DAP Global, according to the SEC, generated more than $66 million in revenue for DAP from transaction fees—markups and markdowns—on riskless principal trade executions in Venezuelan sovereign or state-sponsored bonds for Banco de Desarrollo Económico y Social de Venezuela (BANDES). They then channeled some of this revenue illegally to María de los Ángeles González de Hernandez, BANDES’ vice president of finance, who authorized the fraudulent trades.
The scheme ran from October 2008 until at least June 2010. BANDES, a new customer of DAP won through Hurtado’s connections, stayed with the firm when González was wooed by kickbacks to keep the bank’s business with DAP regardless of what it was charged in the complex transactions that resulted in the illegal profits. Ironically, Clarke and Hurtado also deceived González about the amount of DAP’s fees, cheating her out of some of her ill-gotten gains to keep a greater share of the illicit profits for themselves.
The SEC has charged Clarke, Bethancourt, Hurtado and Pabon with fraud, and seeks final judgments that would require them to return ill-gotten gains with interest and pay financial penalties.
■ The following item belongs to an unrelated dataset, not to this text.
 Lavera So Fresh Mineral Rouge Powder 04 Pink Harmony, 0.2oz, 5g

Its investigation is continuing.
The U.S. Attorney’s Office for the Southern District of New York has also announced criminal charges against González, Clarke and Hurtado.
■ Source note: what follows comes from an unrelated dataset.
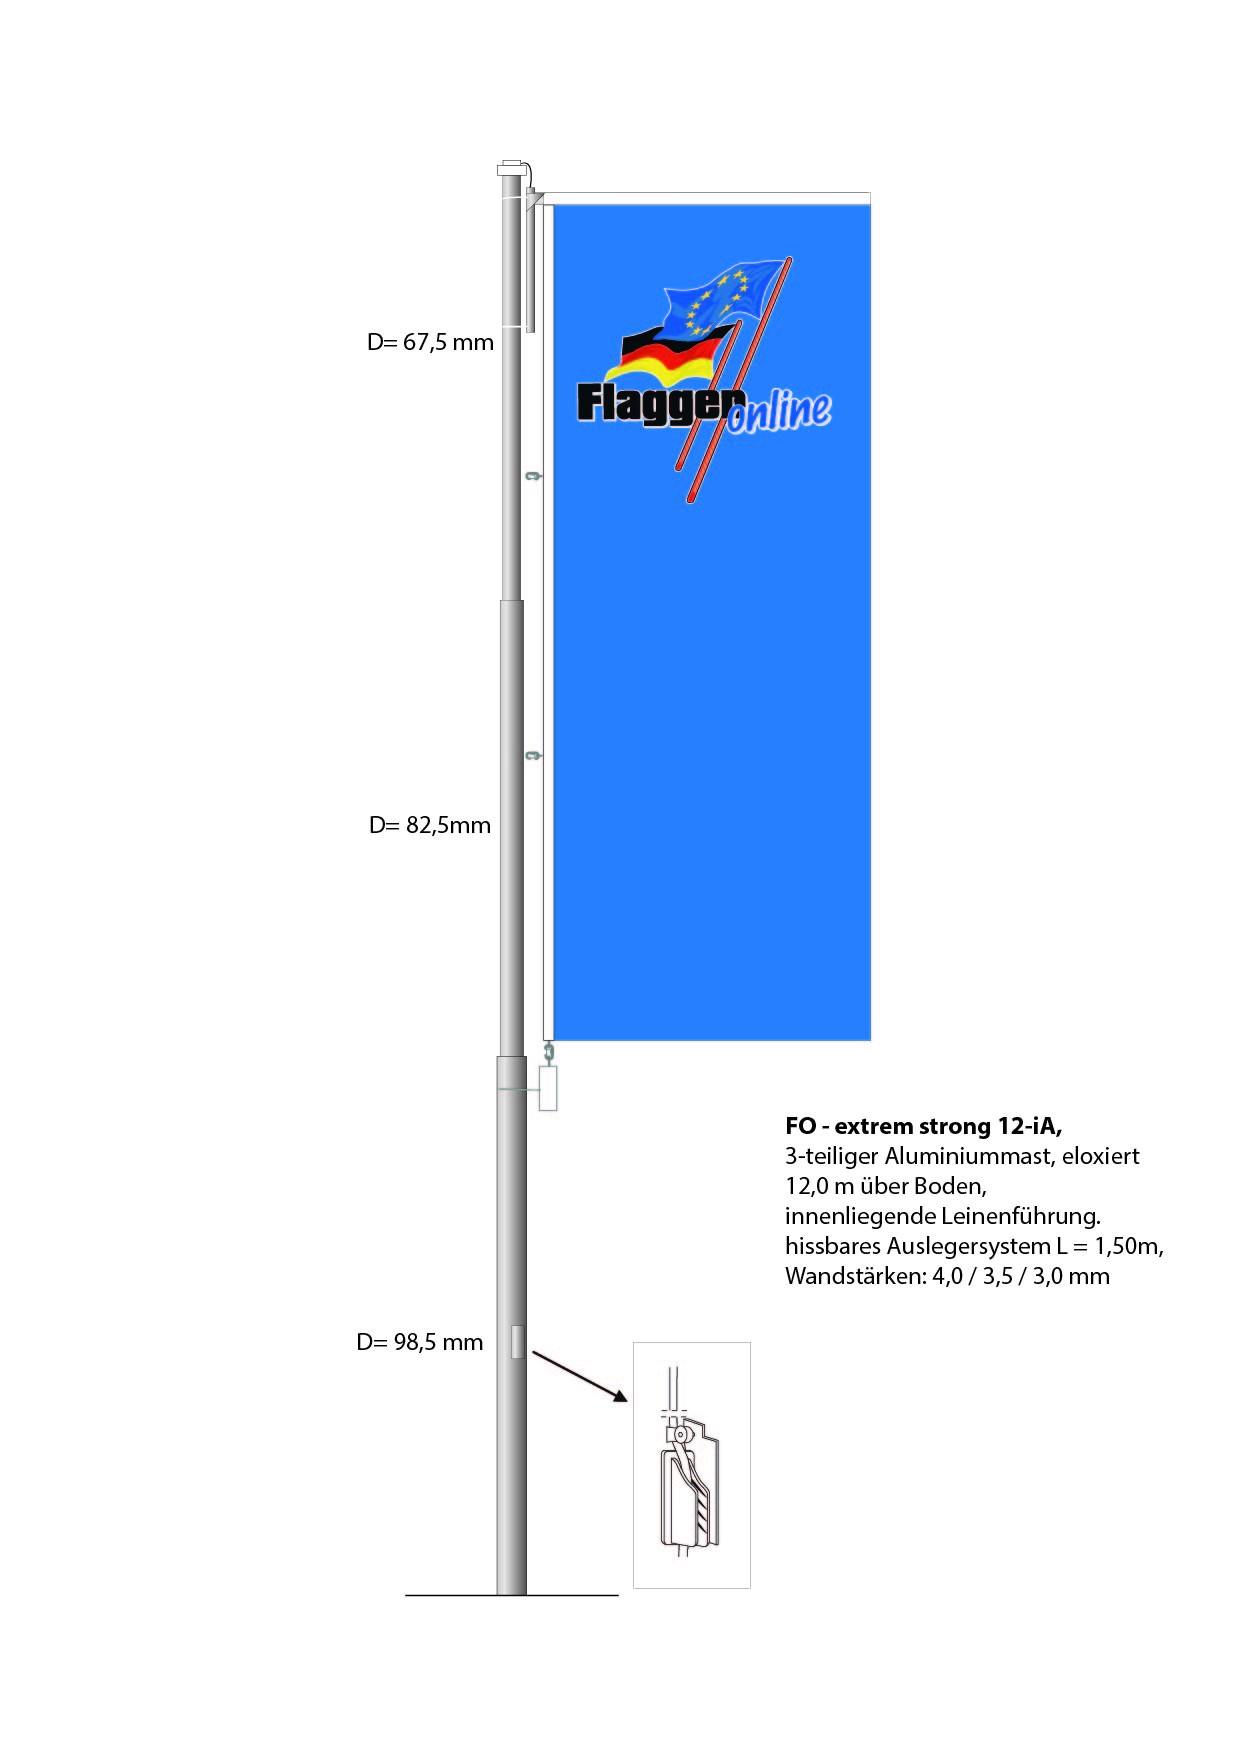 Aluminium Flaggenmast FO-Extra Strong 12iA, 12 Meter über Boden

Gatekeepers for Two Trusts Charged for Inaccurate Disclosures
Gatekeepers for the Northern Lights Fund Trust and the Northern Lights Variable Trust were charged for making inaccurate disclosures regarding the factors they considered when approving or renewing investment advisory contracts on behalf of shareholders.
An SEC examination found that some shareholder reports for the two trusts either misrepresented material information considered by trustees or omitted material information altogether with regard to how trustees weighed some factors in making decisions on behalf of the funds and their shareholders.
The five trustees named in the SEC enforcement action are Michael Miola of Arizona, Lester M. Bryan of Utah, Anthony J. Hertl of Florida, Gary W. Lanzen of Nevada and Mark H. Taylor of Ohio. They and the trusts’ chief compliance officer, Northern Lights Compliance Services (NLCS), were responsible for causing violations of the SEC’s compliance rule, and the trusts’ fund administrator Gemini Fund Services (GFS) caused violations of the Investment Company Act recordkeeping and reporting provisions.
In trustee meetings considering 113 advisory and 32 subadvisory contracts during what’s known as the 15(c) process, some boilerplate disclosures included by GFS were found by the SEC to hold untrue or misleading information, such as stating that the trustees had considered peer group information about the advisory fee when the trustees had never been provided with any such information. Another such “disclosure” claimed that the fund’s advisory fee was not materially higher than its peer group range, when in fact the fee was nearly double the peer group’s mean fee or even higher.
In addition, certain mutual fund series did not follow their policies and procedures for the trustees’ approval of the investment advisors’ compliance programs. Instead of the trustees actually evaluating approve the compliance program of each series’ investment advisor, they instead reviewed a brief written statement prepared by NLCS saying that the advisors’ compliance manuals were “sufficient and in use” and a verbal representation by NLCS that such manuals were adequate.
The trustees, GFS and NLCS neither admitted nor denied the SEC’s findings, but GFS and NLCS each agreed to pay $50,000 penalties; in addition, the firms and trustees agreed to bring in an independent compliance consultant to address the violations found by the SEC.